• **WORK ITEM**
Starting at the line containing "Funidelia | Costume" and ending at the line containing "l-209. FnssRt R.A.", print every line of the material below exactly, both ends included, and stop there.

• **RECORDS FOR PROCESSING**
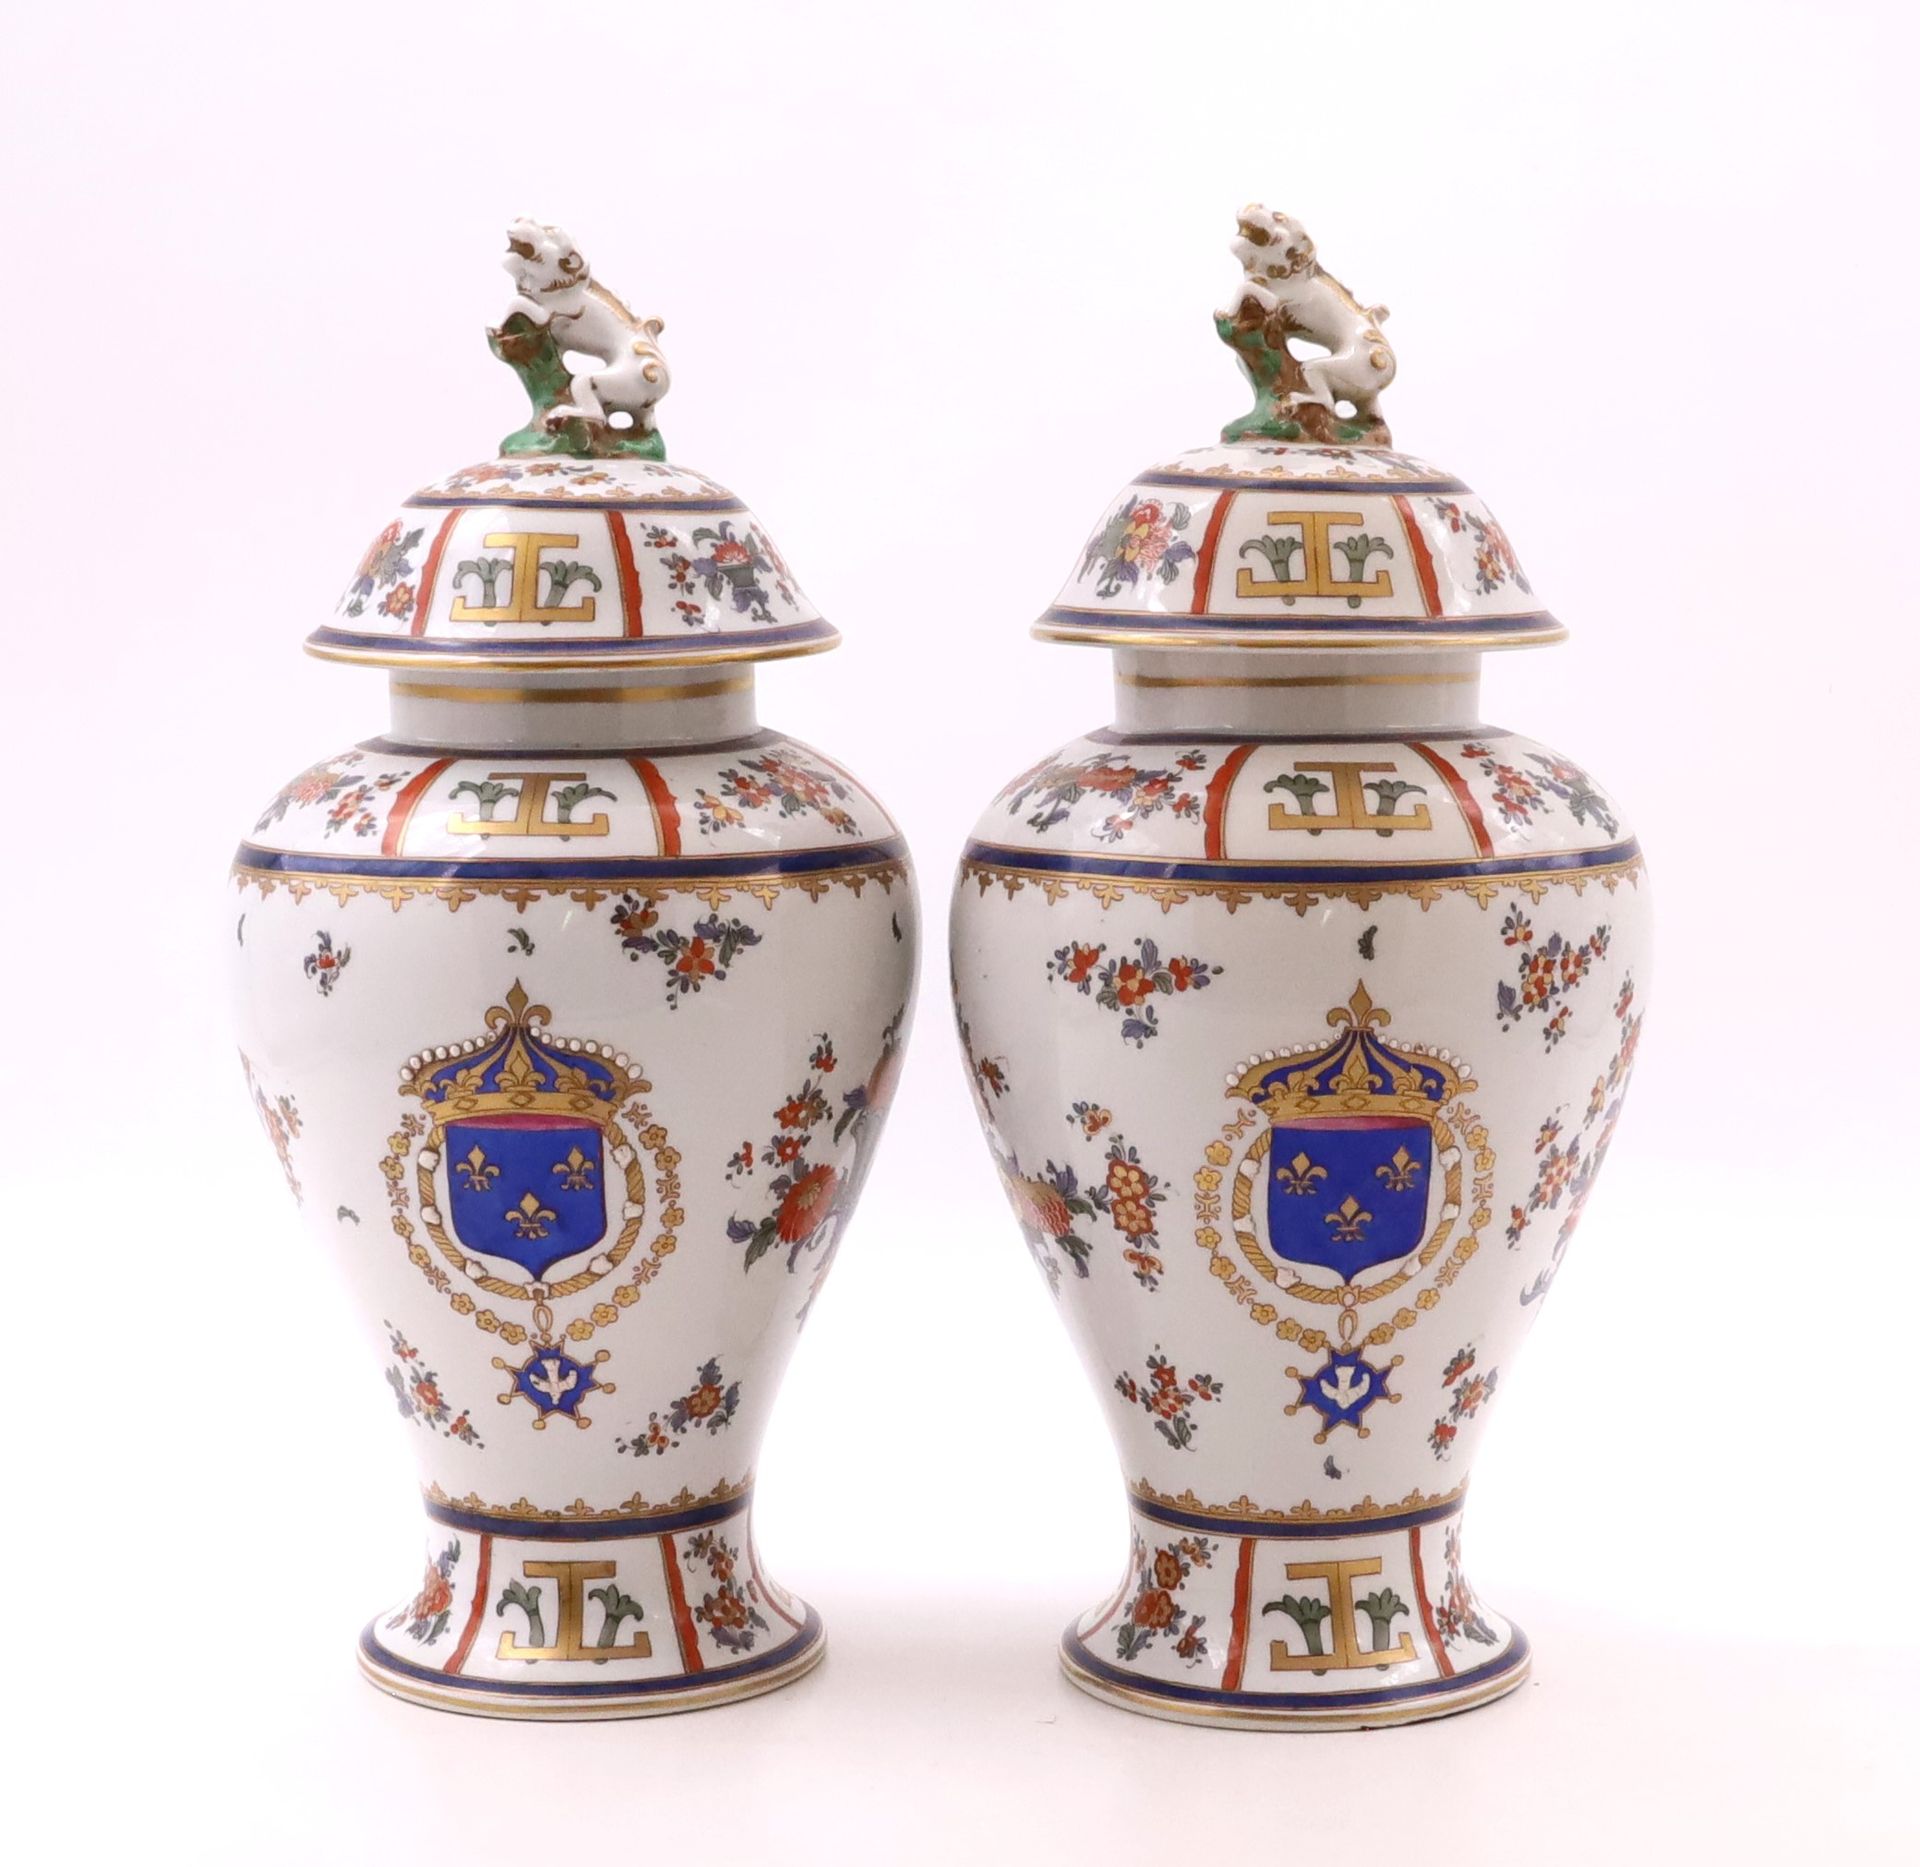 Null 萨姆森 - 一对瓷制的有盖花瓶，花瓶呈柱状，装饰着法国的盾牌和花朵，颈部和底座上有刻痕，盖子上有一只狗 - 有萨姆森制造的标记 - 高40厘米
==
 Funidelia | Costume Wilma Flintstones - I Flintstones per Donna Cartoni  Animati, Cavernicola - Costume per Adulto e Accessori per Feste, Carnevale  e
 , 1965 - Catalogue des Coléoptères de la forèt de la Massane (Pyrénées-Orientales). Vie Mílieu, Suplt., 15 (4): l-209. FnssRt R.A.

• **ANSWER TO THE PROBLEM**
 Funidelia | Costume Wilma Flintstones - I Flintstones per Donna Cartoni  Animati, Cavernicola - Costume per Adulto e Accessori per Feste, Carnevale  e
 , 1965 - Catalogue des Coléoptères de la forèt de la Massane (Pyrénées-Orientales). Vie Mílieu, Suplt., 15 (4): l-209. FnssRt R.A.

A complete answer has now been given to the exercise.